Piani Terapeutici: scusate … abbiamo scherzato …

Piani Terapeutici: scusate … abbiamo scherzato …

Piani Terapeutici: scusate … abbiamo scherzato …

Gentile Direttore,
l’Agenzia italiana del farmaco (Aifa) interviene per chiarire alcuni punti della Nota 97, che ha aperto alla prescrizione di medicinali AVK e NAO/DOAC da parte dei medici di famiglia, “al fine di favorire una completa e corretta informazione dei pazienti e degli operatori sanitari, l’Aifa – si legge in un comunicato – ritiene necessarie alcune precisazioni sui piani sanitari”.
 
La Nota 97 fornisce una guida alla prescrizione e una serie di raccomandazioni pratiche sulla gestione della terapia anticoagulante orale con AVK e NAO/DOAC in occasione di procedure diagnostiche e interventi chirurgici nei pazienti con fibrillazione atriale non valvolare (Fanv). “In quest’ottica – sottolinea Aifa – il piano terapeutico dello specialista, precedentemente previsto, è sostituito da una scheda di prescrizione e di monitoraggio, attualmente in formato cartaceo”.

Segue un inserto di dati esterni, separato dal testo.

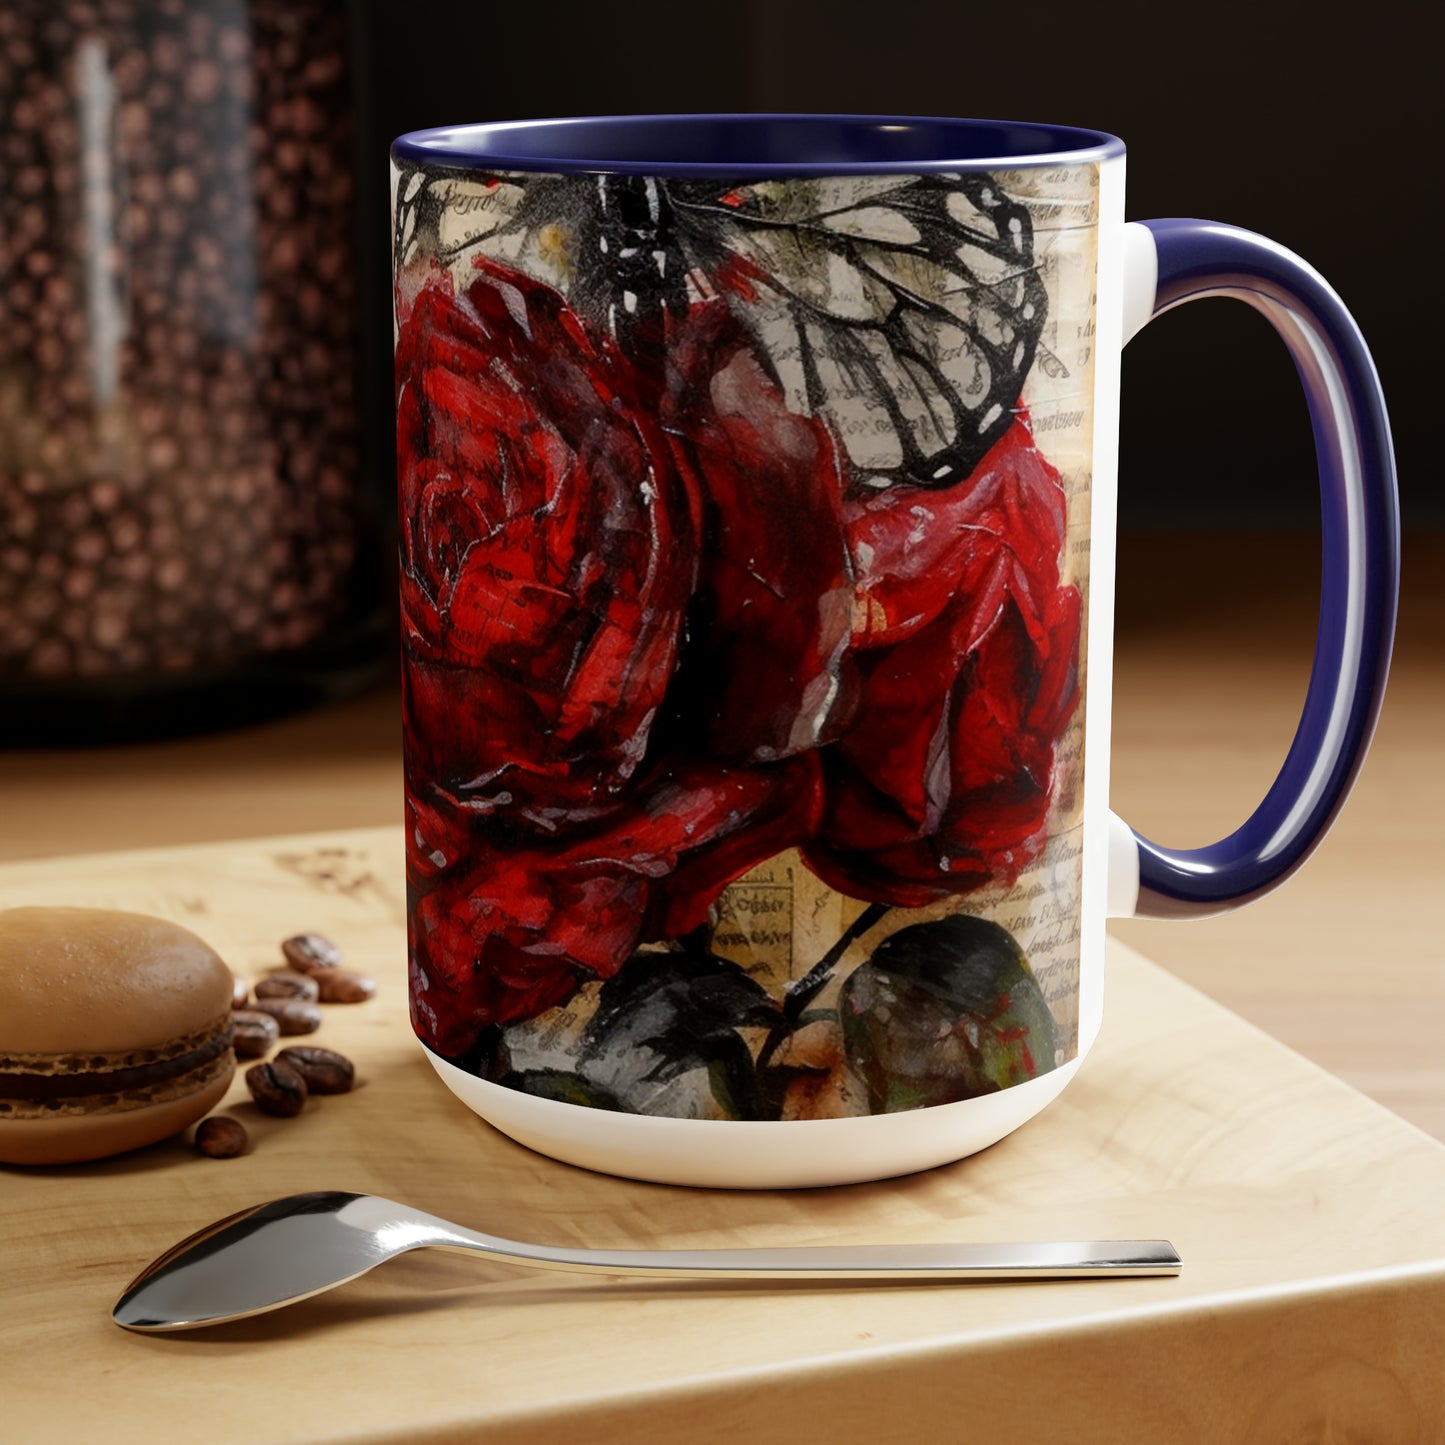 Two-Tone Coffee Mugs, 15oz, Red Rose with Butterfly - royal blue rim
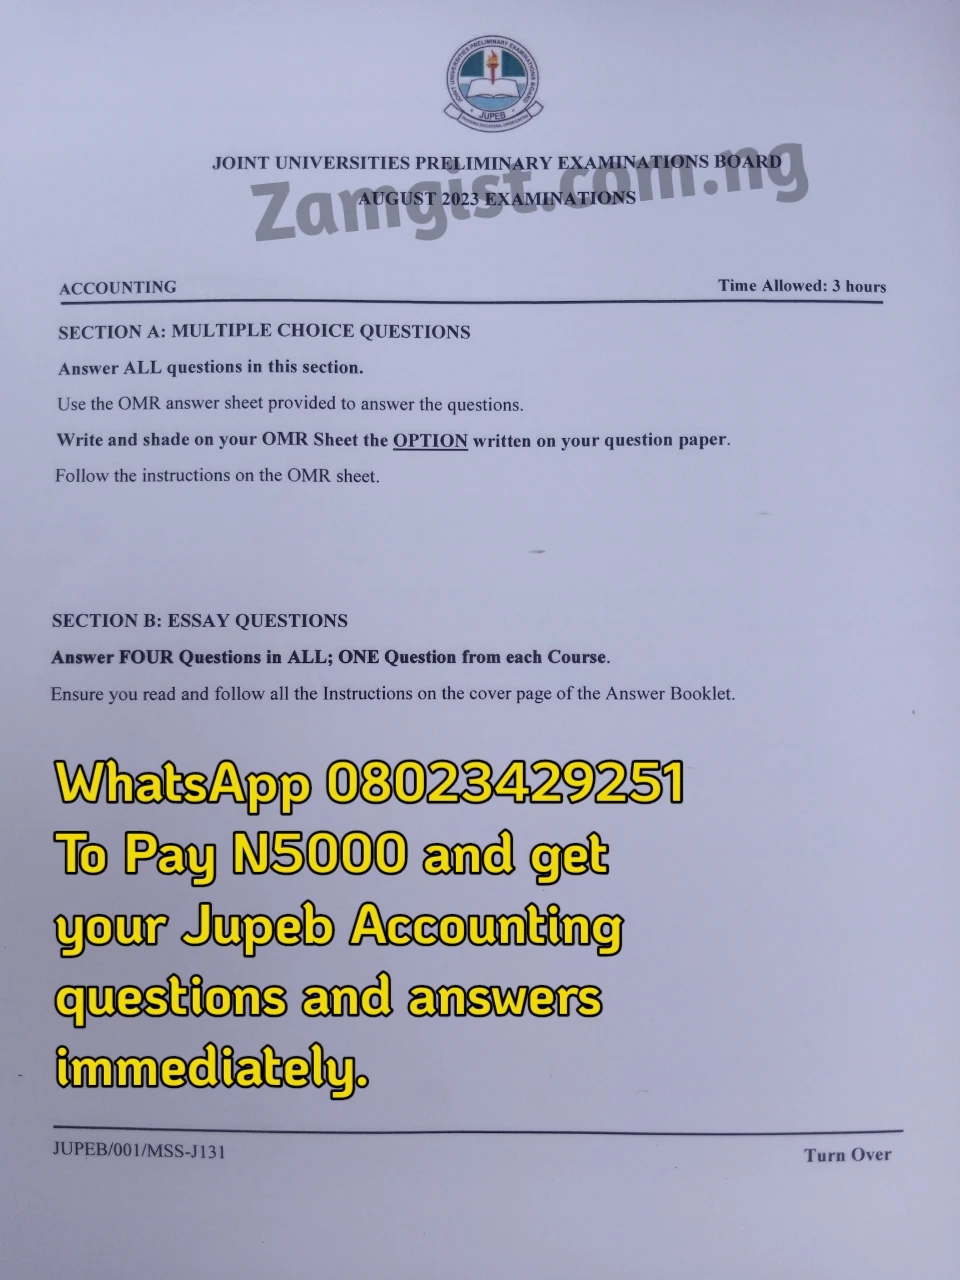 JUPEB Accounting 2023 Questions And Answers

Una fase di transizione per l’emergenza. Si procederà quindi a tappe: “La Nota 97 non abroga l’obbligo di compilazione dei Piani terapeutici informatizzati attualmente disponibili sulla piattaforma Aifa da parte dei medici specialisti autorizzati, ma, in questa fase di emergenza – spiega l’agenzia – consente anche al medico di medicina generale e a tutti i medici specialisti del Ssn il rinnovo dei piani terapeutici già in uso o la prescrizione di nuovi trattamenti attraverso la compilazione di una scheda cartacea di valutazione, prescrizione e follow-up”.

Schede digitali. Successivamente, le schede saranno informatizzate, così da “continuare a garantire l’accesso a questa importante categoria di medicinali con una modalità controllata e sicura, un adeguato follow-up dei pazienti e un accesso omogeneo sul territorio nazionale”. A quel punto la scheda di valutazione, prescrizione e follow-up “potrà diventare l’unica modalità prescrittiva di tali farmaci”.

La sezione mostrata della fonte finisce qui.